Rule B Third Episode
Rule B Third Episode: some get vacations, others have to pay.
In a fascinating exercise of judicial commonsense and equity, Judge Alvin Hellerstein has just handed down two decisions which are likely to be determinative as to which pre “Haldhi” and “Hawknet” Rule B attachments will be vacated and which will not.
The good news is for those Respondents whose cases have not been decided against them on the substance by a competent tribunal. The bad news is for those Respondents whose cases have been decided against them by a competent tribunal and who are, in consequence, “judgment” or, perhaps more accurately, “award” debtors.
In a double decision handed down on 18th March 2010 (Americas Bulk Transport Ltd v. IMT and Eitzen Bulk v. Ashapura Minechem Ltd) denominated “Order and Opinion Denying and Granting Motions to Vacate Attachments”, Judge Hellerstein decided (as the cited wording suggests) that in one case the motion to vacate should be denied whereas in the other it would be granted.
After a careful review of the authorities and a historical examination of the court’s equity jurisdiction, Judge Hellerstein came to the conclusion that where there was a final determination on the merits against the Respondents and where the Respondents had used every trick in the book to avoid enforcement of the original arbitration award, equity demanded that the funds attached under a Rule B Order should be paid out to the Claimants. This was the decision in the Eitzen Bulk case.
However, where proceedings on the merits were still progressing at arbitration and there was no reason to suppose that the Respondents, if found liable, would fail to honour any final award against them, there was no reason of equity to depart from the general American procedural rule that “plaintiffs must await the outcome of an arbitration or litigation before they can require a defendant to give security for unproved claims.”
In a case‑law system, it is always instructive to examine the actual words used by the judge in coming to his decision. Thus the essence of Judge Hellerstein’s reasoning is set out in the section headed “Conclusion”, and I cite it in full as follows:
“V. Conclusion:
In Americas Bulk Transport Ltd. V. IMT Shipping & Chartering GmbH.
Defendant IMT instituted arbitration in London soon after the attachment in this district was effected. They continue to engage in the arbitration and, from their reports, are engaged in discovery proceedings ordered by the arbitrators. There is no reason to believe that the London proceedings are dependent on the attachment, and there has been no showing that an arbitral award in favour of Americas Bulk would not be paid by IMT. No reason of equity has been shown to depart from the rule prevailing generally in American courts that plaintiffs must await the outcome of a litigation or arbitration before they can require a defendant to give security for unproved claims.
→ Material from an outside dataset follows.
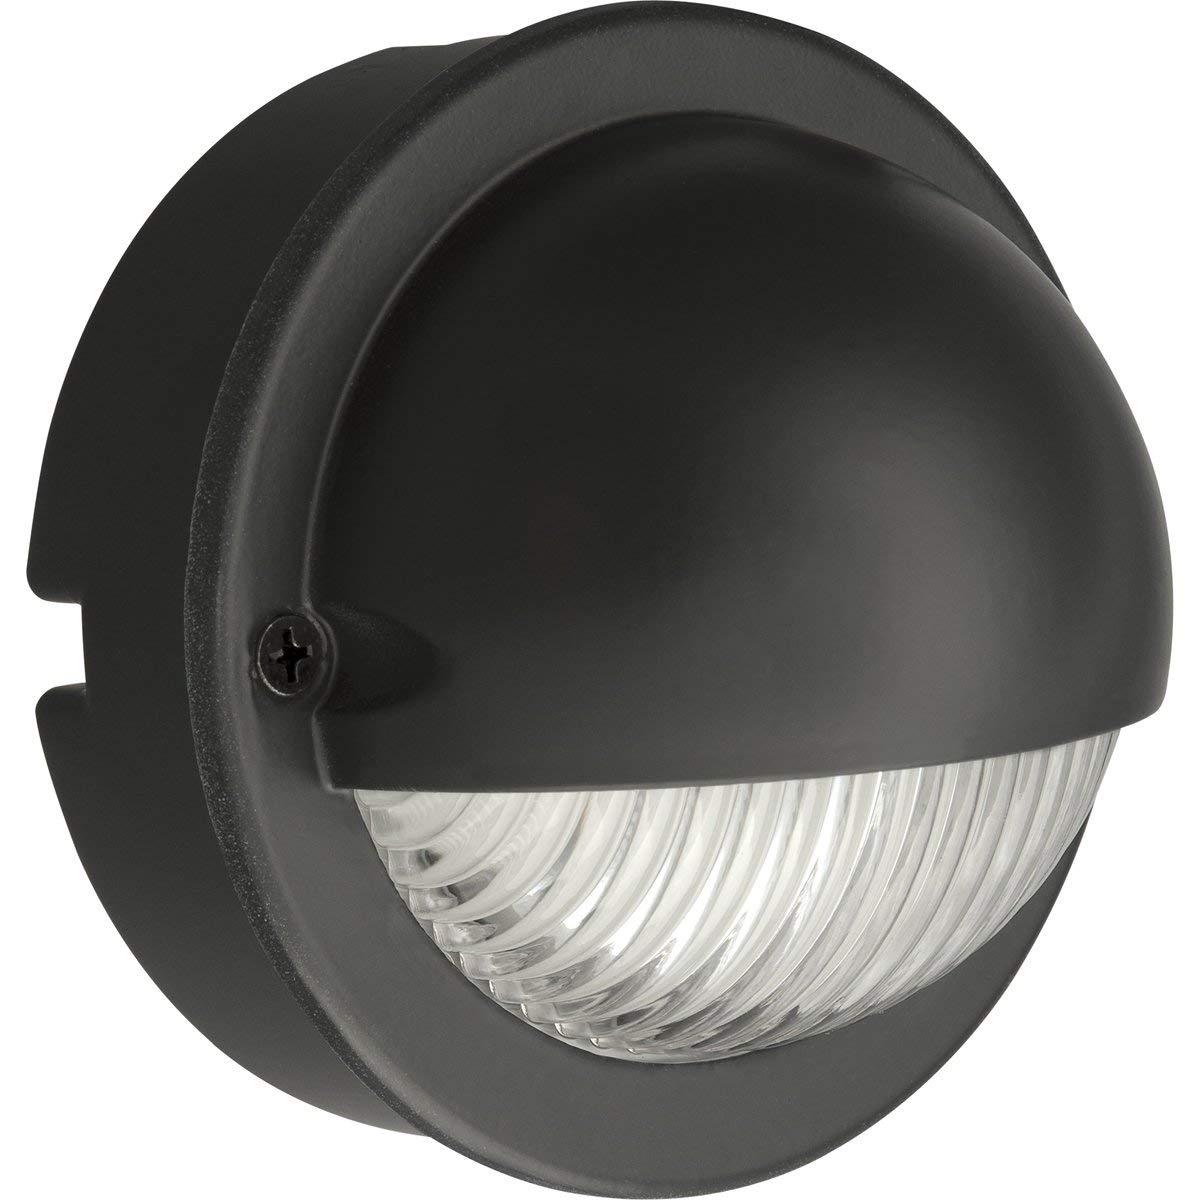 Progress Lighting Black Finish HI Progress Lighting P5296-31 LED Deck Light

Eitzen Bulk A/S v. Ashapura Minechem Ltd. presents a different story. Eitzen Bulk is a judgment creditor, having obtained an arbitration award pursuant to its contract, and judgments of the English High Court and of this Court. It seeks to impress its liens as a judgment creditor over the funds that Ashapura demands. All contingencies of Eitzen Bulk’s claim have been removed, except for payment, and there is an interpleader in this Court to determine the priority of competing claims to the attachment. Indeed, the bank has been discharged of all further obligation. Furthermore, the case presents a history of Ashapura’s active resistance and evasion of payment, played over a world‑wide canvas. The merits, and the equities, strongly favour Eitzen Bulk. Ashapura’s motion to vacate is denied.
In Americas Bulk Transport Ltd. V. IMT, 08 Civ. 6970 (AKH), the order of attachment, issued on August 6, 2008, is hereby vacated.
In Eitzen Bulk A/S v. Ashapura Minechem Ltd. 08 Civ. 8319 (AKH), the motion to vacate the attachment is denied.”
Practically speaking, this decision will have an enormous impact on the disposal of the remaining motions to dismiss pre “Haldhi” Rule B attachments of EFT’s if only because Judge Hellerstein has been allotted the task of dealing with a large number of, as yet, undetermined motions to vacate.
Last, but certainly not least, I must thank my colleague and correspondent in New York, Ken Citron of Snow, Becker and Kraus, for having provided me with a copy of Judge Hellerstein’s decisions so swiftly after their deliverance.